L’inerzia della potenze europee portò comunque alla fine di Costantinopoli. Dopo la crisi
dell’impero turco provocata dal capo mongolo Timurlenk (Tamerlano) che fece prigioniero
Bayazid, e dopo le lotte interne all’impero, salì al trono Maometto I nel 1413, che diede una tregua
a Bisanzio.
La potenza ottomana tornò ad essere aggressiva con il sultano Murad II (1421-1451). Il successore
di Manuele II, il figlio Giovanni VIII Paleologo (1425-1448) fu il terzo sovrano a recarsi in
Occidente per chiedere aiuto. Decise di giocarsi la carta dell’unificazione religiosa portandosi dietro
anche i membri del clero bizantino e, si aprì a Ferrara nel 1438 per chiudersi a Firenze nel 1439 un
concilio con la proclamazione dell’unione religiosa. Modeste le conseguenze, fu indetta però una
crociata promossa da papa Eugenio IV, che si mosse dall’Ungheria nel 1443, ma si risolse l’anno
successivo in un fallimento.
La crociata del 1443-1444, nota come crociata di Varna fu guidata da Ladislao III, dal voivoda di
Transilvania Giovanni Corvino Hunyadi, dal despota serbo Giorgio Branković, più il legato papale
Giuliano Cesarini. L’esercito era composto da circa 25.000 uomini, più 8.000 serbi, si addentrò in
Bulgaria e in Tracia e ottenne inizialmente brillanti vittorie. Le forze crociate poi dovevano partire
in direzione di Costantinopoli radunandosi a Varna sul mar Nero, dove dovevano essere trasportati
dai veneziani. Le operazioni navali e terrestri furono però mal coordinate, e i veneziani che
tardarono l’arrivo, nello stesso tempo non riuscirono a impedire a Murad II di traghettare al di là del
Bosforo un forte contingente di truppe asiatiche. Il 10 novembre del 1444 le forze turche, pari al
triplo di quelle crociate, affrontarono i crociati in prossimità di Varna. I cristiani combatterono
eroicamente, ma alla fine furono sbaragliati lasciando fra i morti il re Ladislao e il cardinal Cesarini;
pochi si salvarono.

La disfatta di Varna determinò la fine di Bisanzio. Nel 1448 morì Giovanni VIII, e il suo posto
passo al fratello Costantino XI Paleologo (1448-1453).

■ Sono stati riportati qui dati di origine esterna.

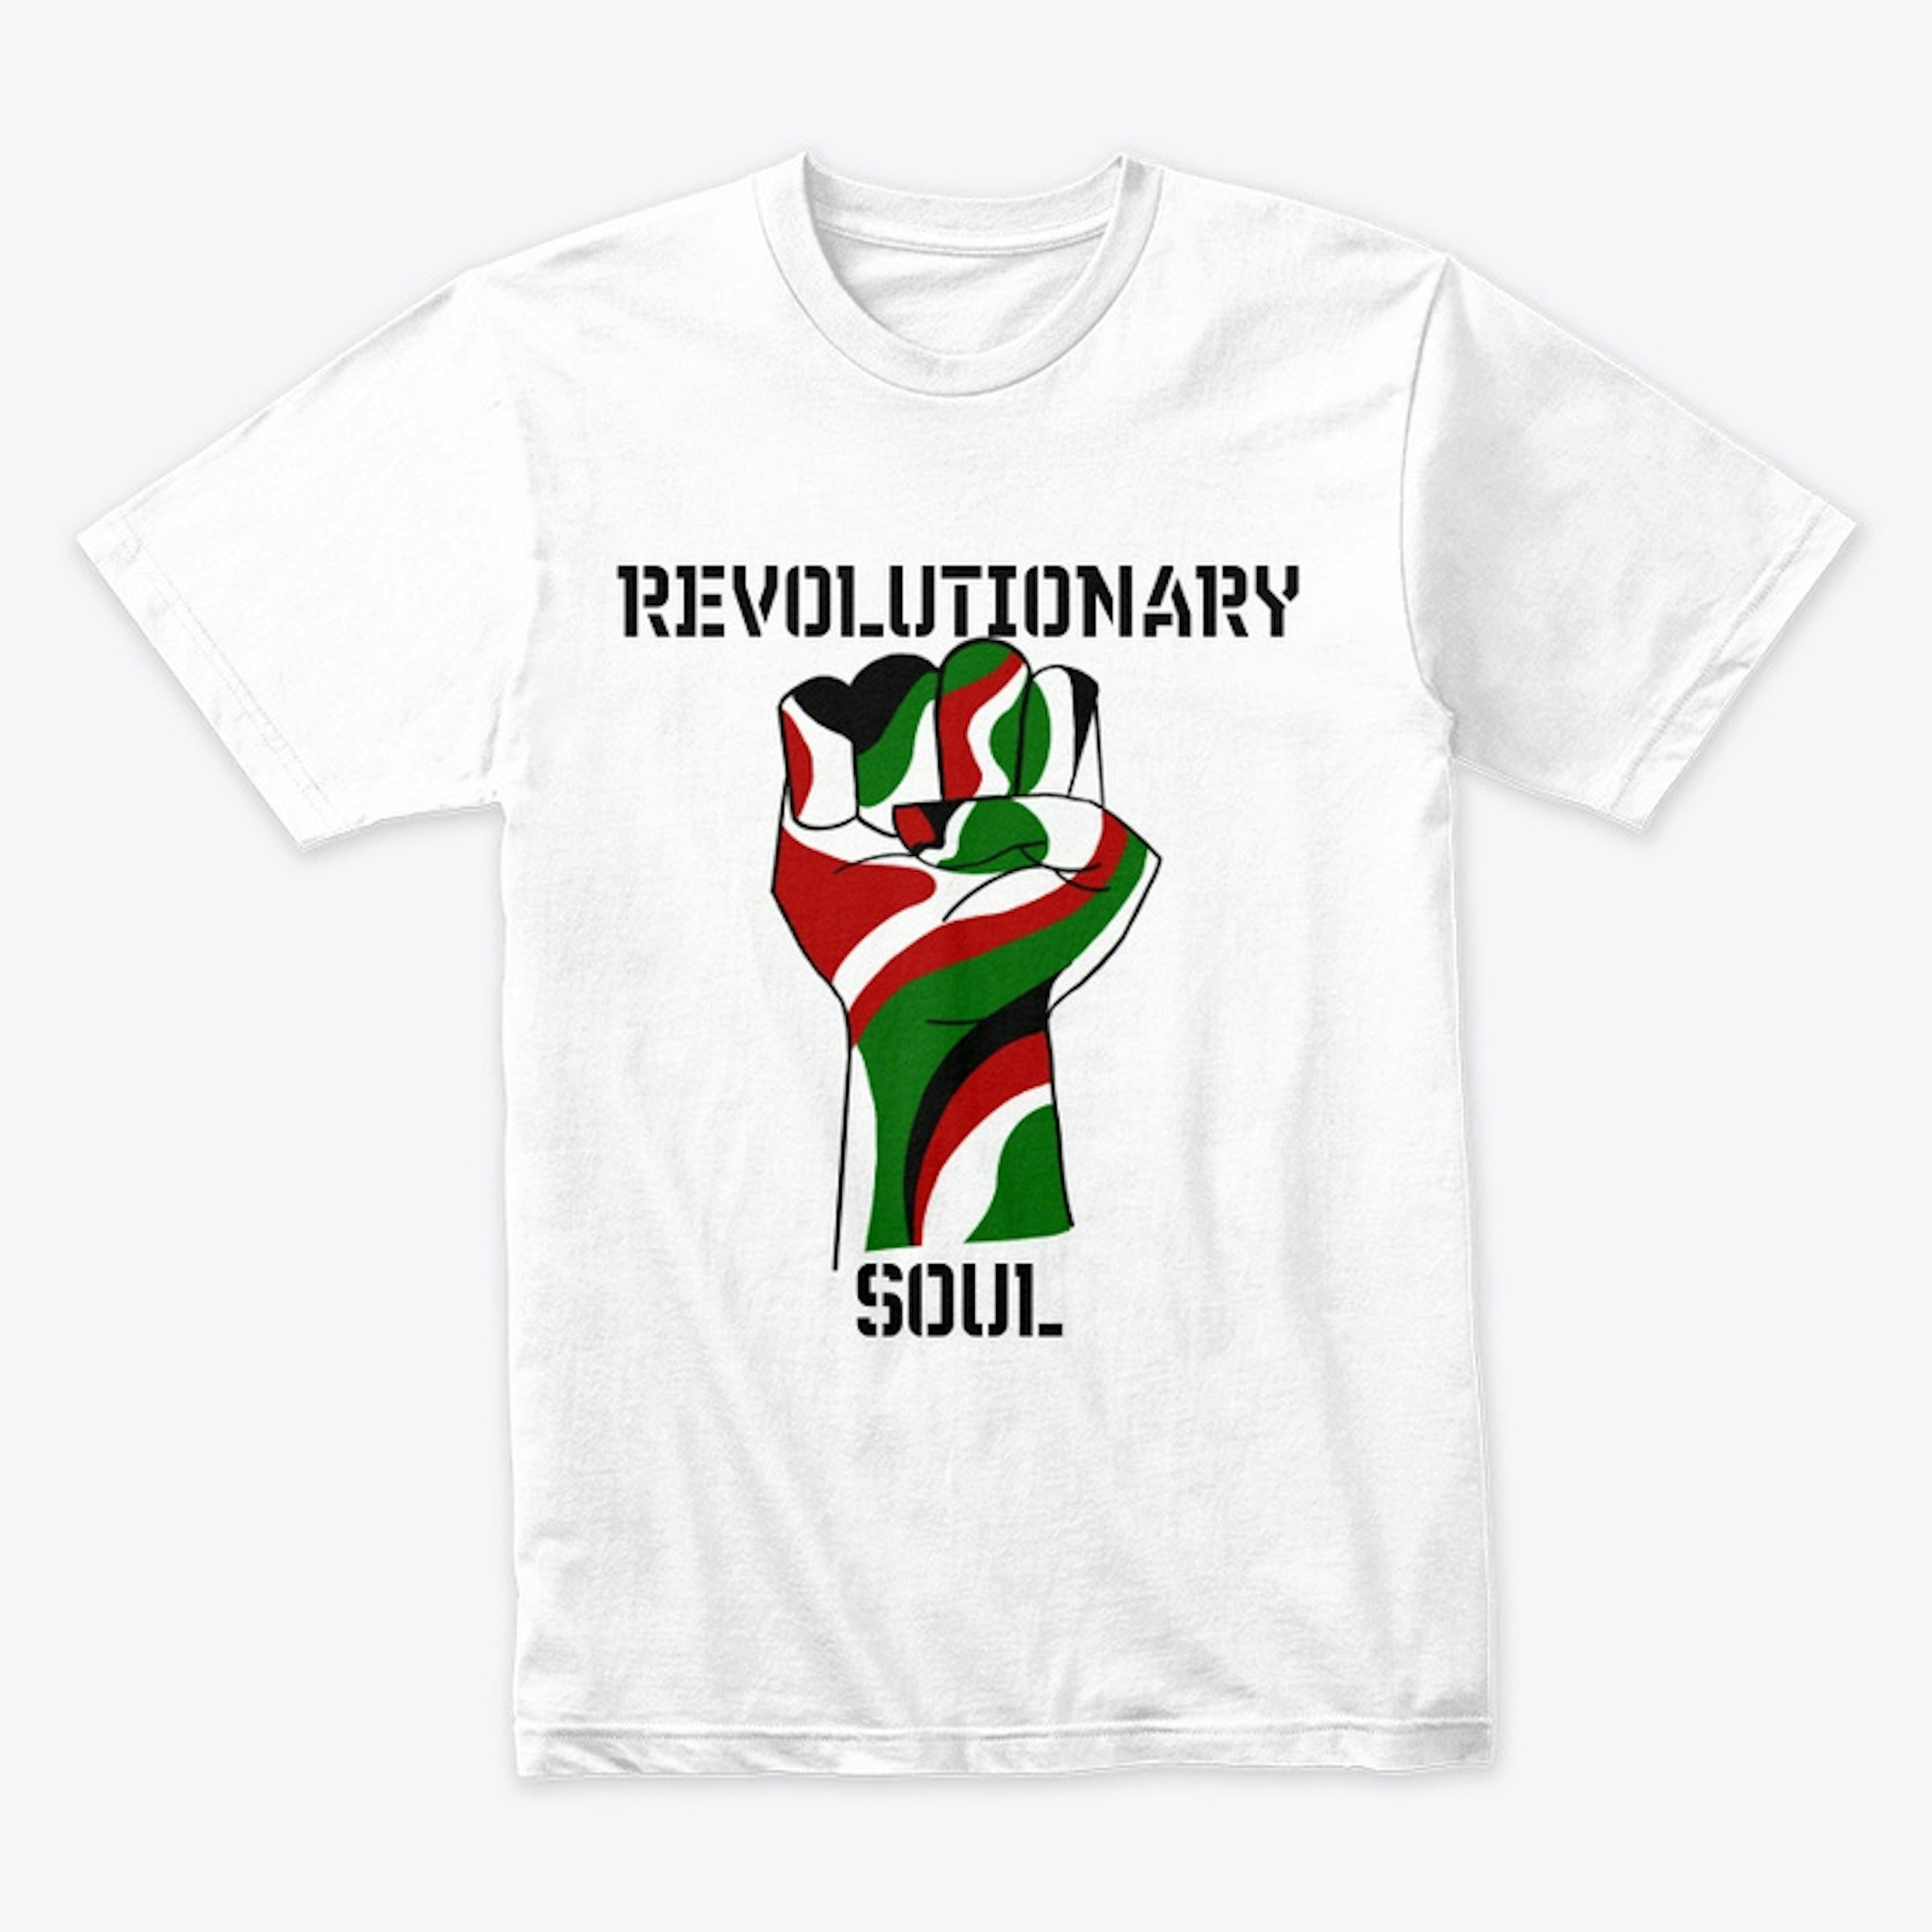 Revolutionary Soul

La potenza ottomana era oramai incontenibile e dopo la sconfitta di Hunyadi che era rimasto in
armi nei Balcani, dopo di lui rimaneva solo Giorgio Castriota, detto Scanderbeg che si era ritirato
sulle montagne albanesi per proseguire la lotta.
La sorte dell’impero era comunque segnata, e con l’avvento di Maometto II nel 1451, dal forte
impulso espansionistico e deciso a chiudere i conti con l’impero bizantino, si era oramai giunti alla
fine.
Con un esercito forte di 150.000 uomini e di artiglierie pesanti Maometto II accerchiò
Costantinopoli praticamente abbandonata dall’Occidente e con una guarnigione di soli 7.000
uomini tra cui un contingente di veneziani guidati da Giovanni Giustiniani su cui ricadde l’onere di
comandare la difesa.
Il 29 maggio del 1453 Costantinopoli cadde e Costantino XI morì combattendo nella disperata
difesa della sua capitale. Con la conquista della città finì la storia di Bisanzio.